REQUIRED WORK
Please transcribe the data below in full. Omit any picture you find in it.

(SOURCE DATA Opens)

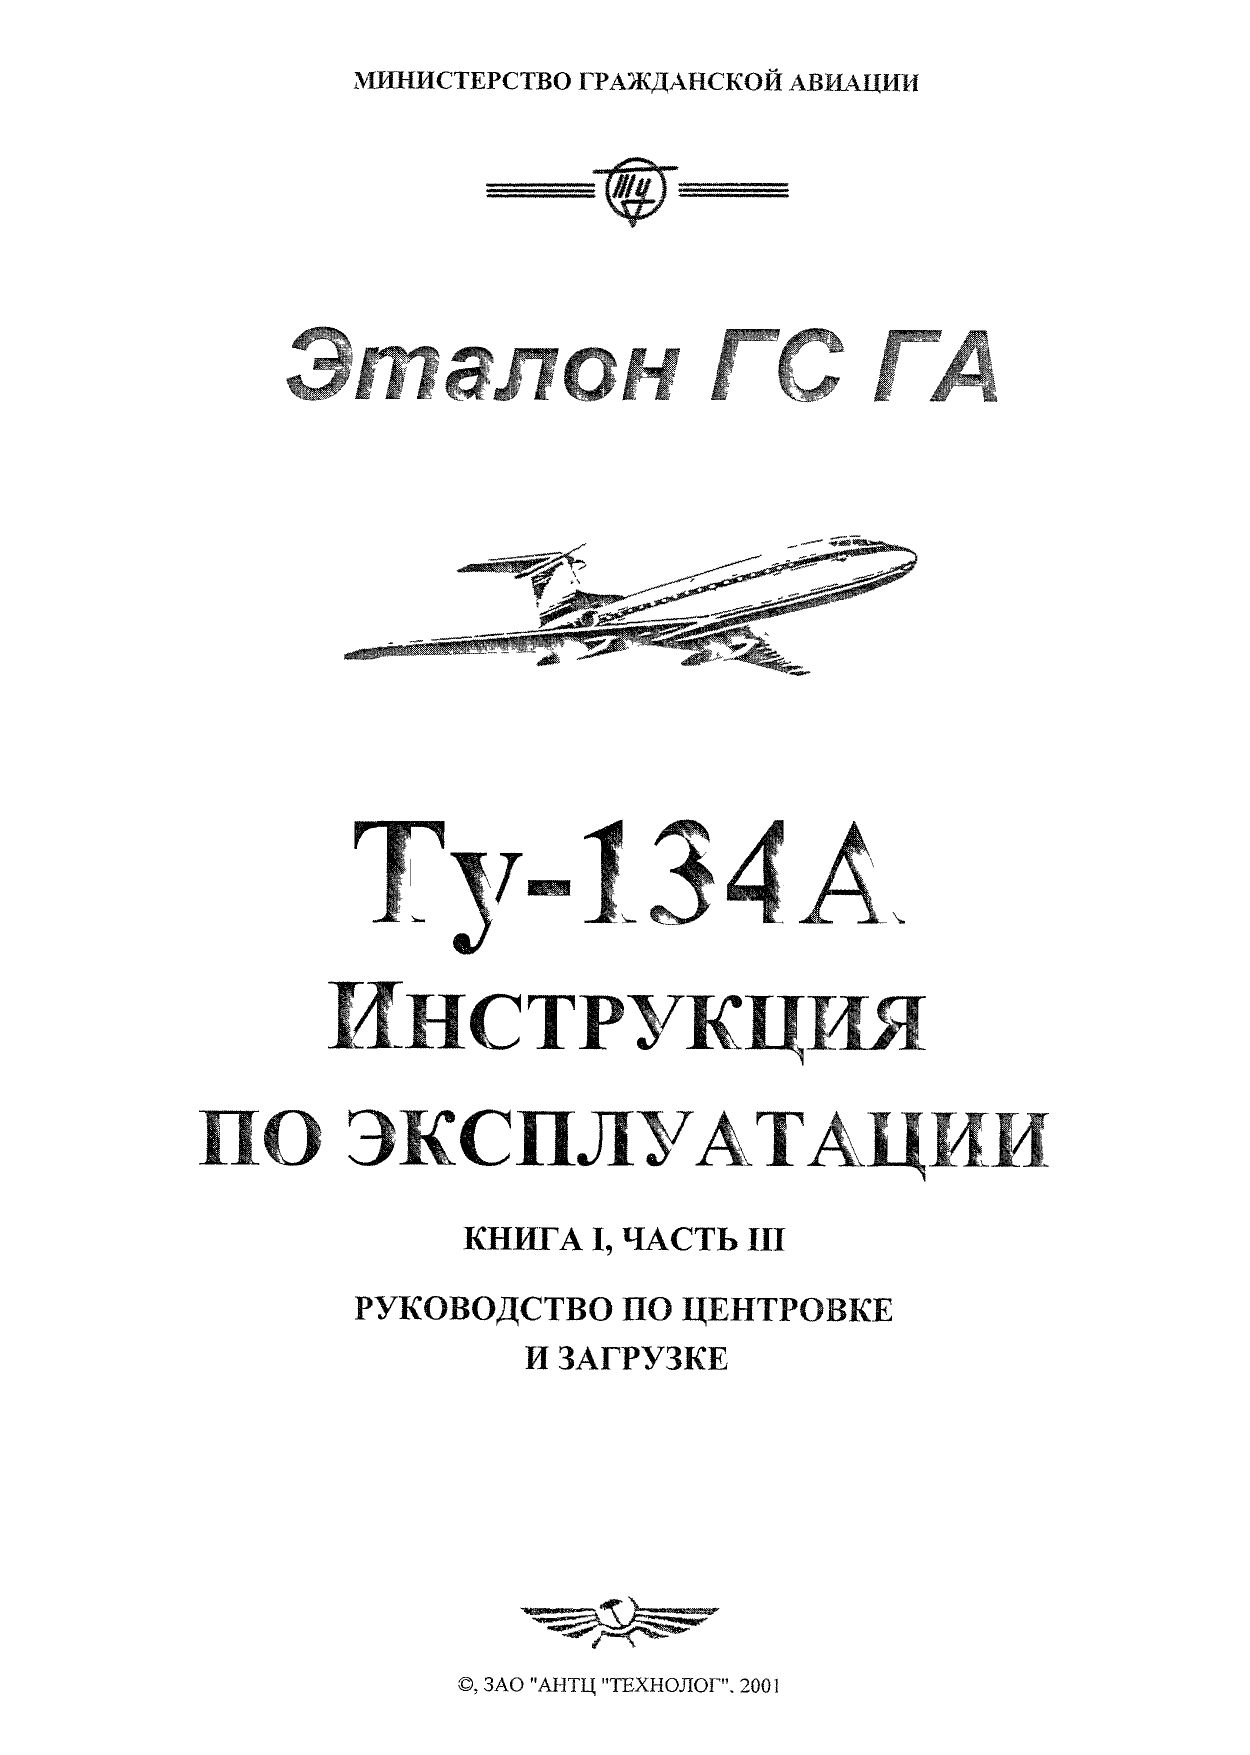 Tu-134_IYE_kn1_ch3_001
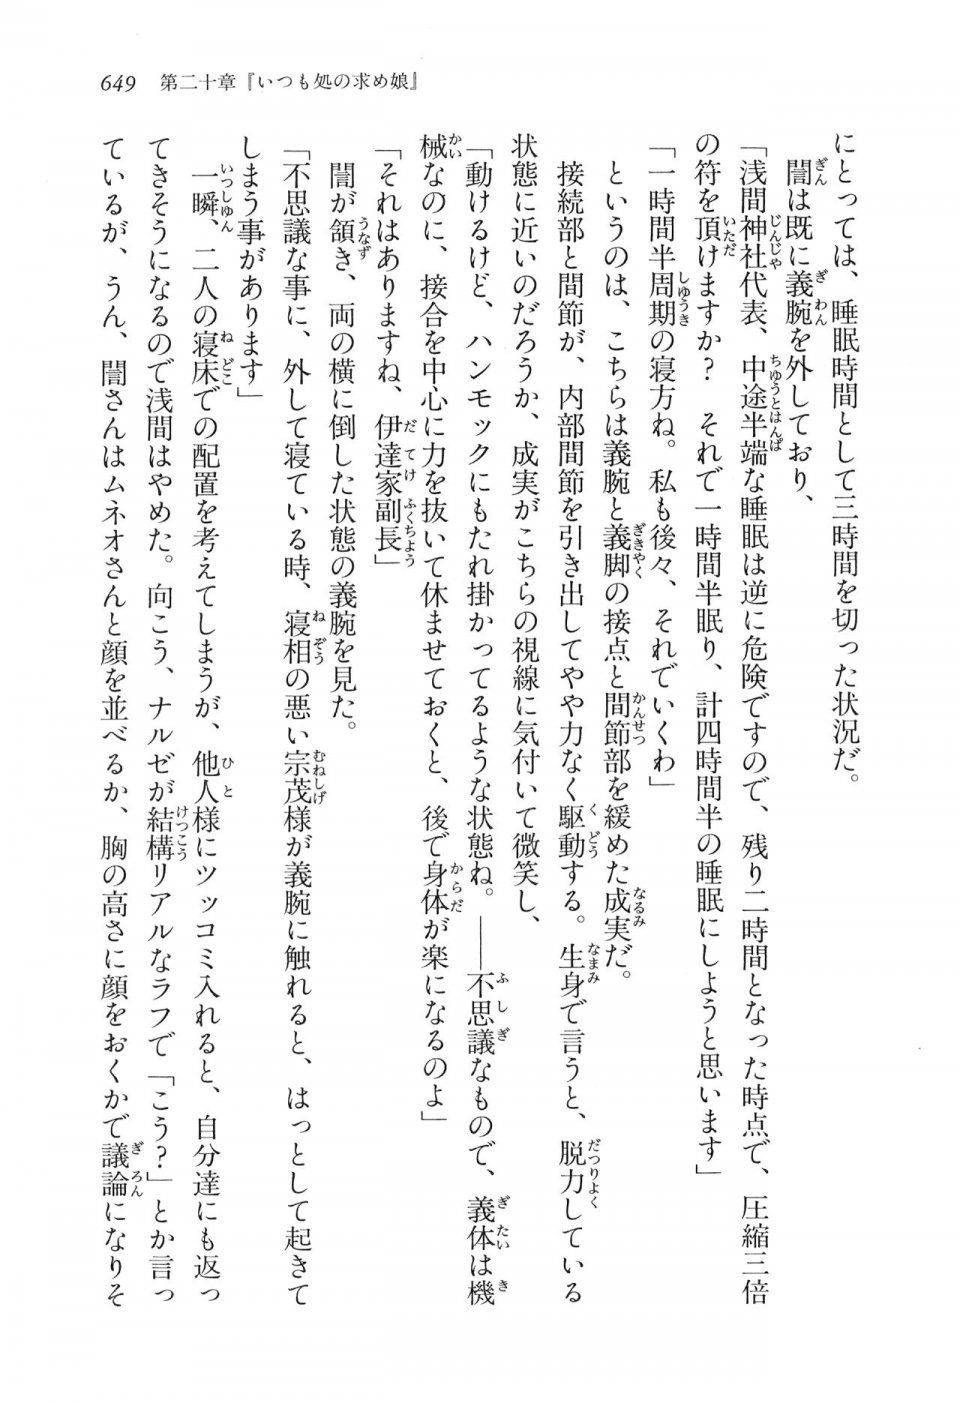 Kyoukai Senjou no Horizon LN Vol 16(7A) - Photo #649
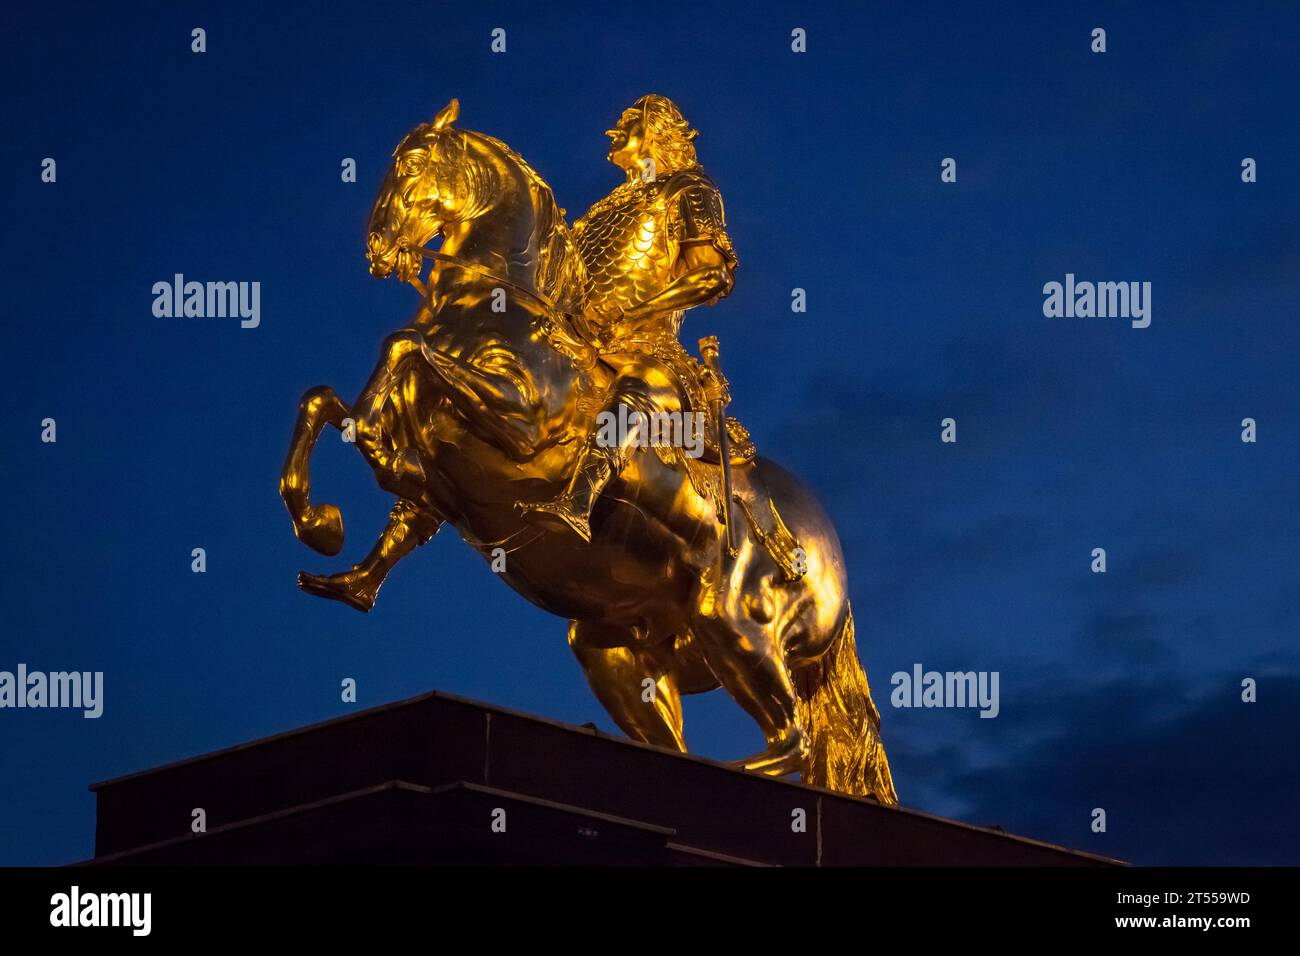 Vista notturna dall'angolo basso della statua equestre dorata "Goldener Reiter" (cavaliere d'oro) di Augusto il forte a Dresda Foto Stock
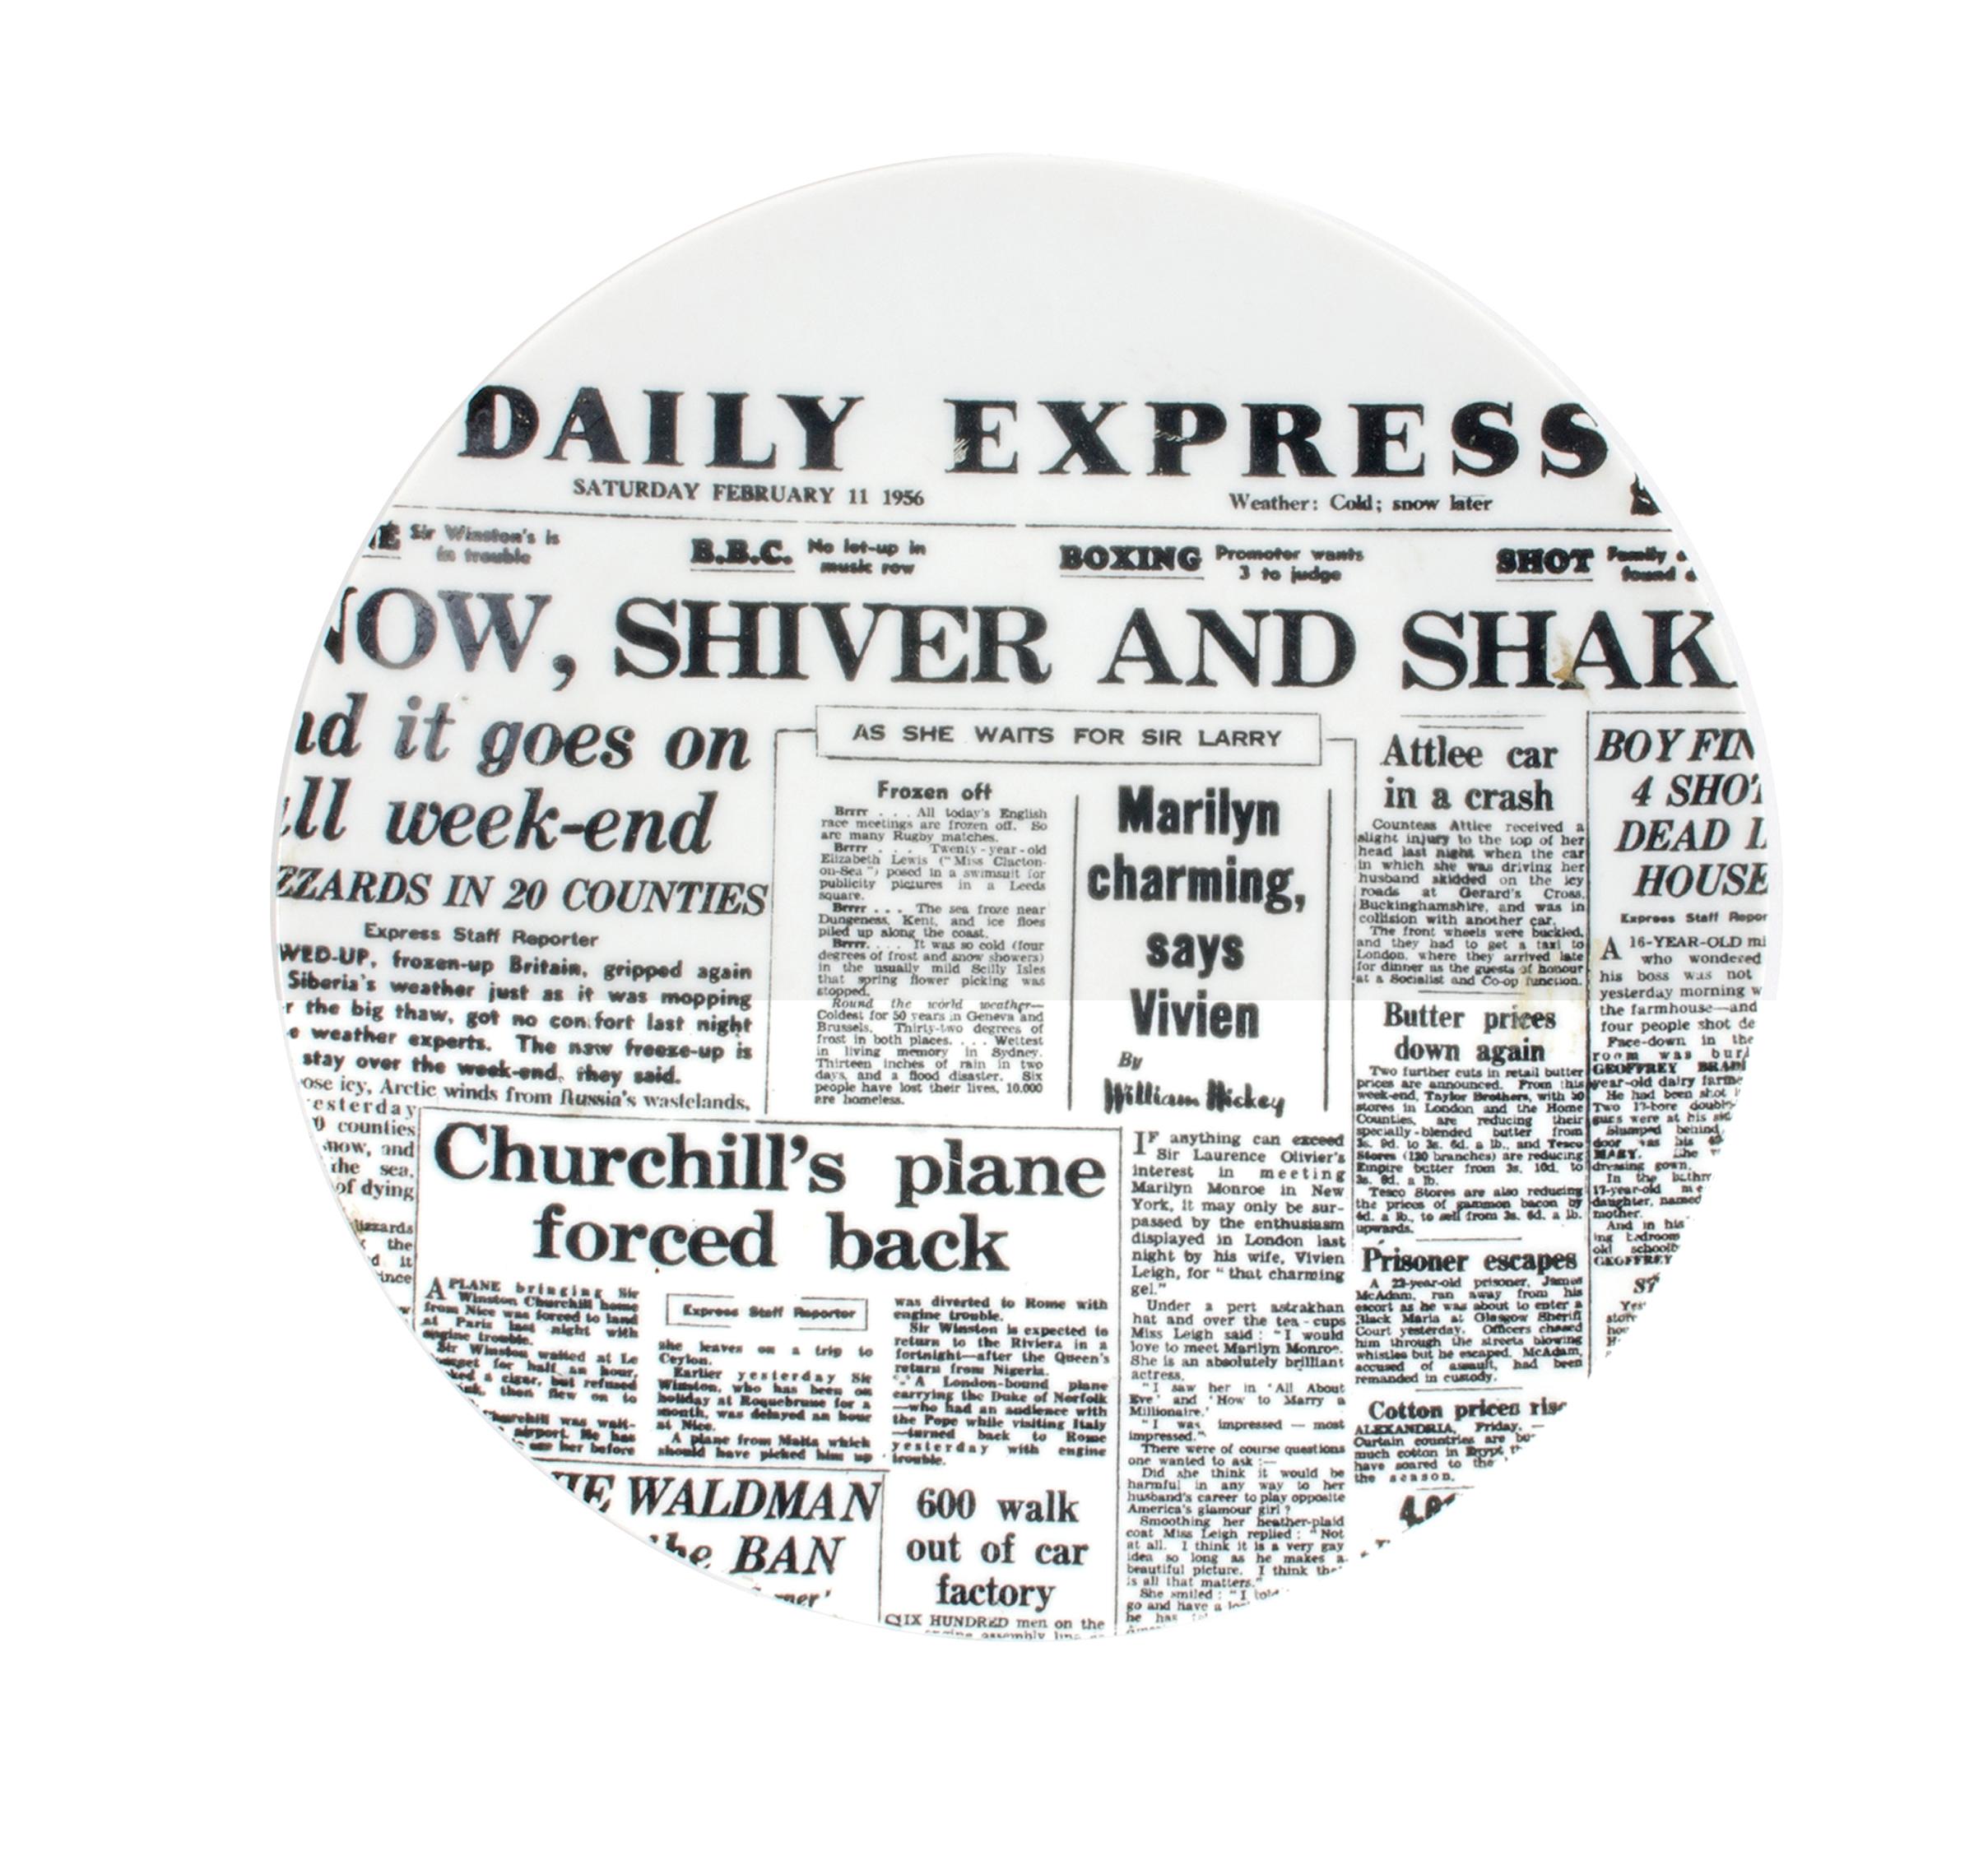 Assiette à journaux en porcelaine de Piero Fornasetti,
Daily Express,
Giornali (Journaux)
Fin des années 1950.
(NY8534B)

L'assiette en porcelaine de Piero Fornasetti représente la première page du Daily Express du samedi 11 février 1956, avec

(SOURCE DATA Closes)

EXERCISE ANSWER
 Tu-134_IYE_kn1_ch3_001
 Kyoukai Senjou no Horizon LN Vol 16(7A) - Photo #649
 Vista notturna dall'angolo basso della statua equestre dorata "Goldener Reiter" (cavaliere d'oro) di Augusto il forte a Dresda Foto Stock
 Assiette à journaux en porcelaine de Piero Fornasetti,
Daily Express,
Giornali (Journaux)
Fin des années 1950.
(NY8534B)

L'assiette en porcelaine de Piero Fornasetti représente la première page du Daily Express du samedi 11 février 1956, avec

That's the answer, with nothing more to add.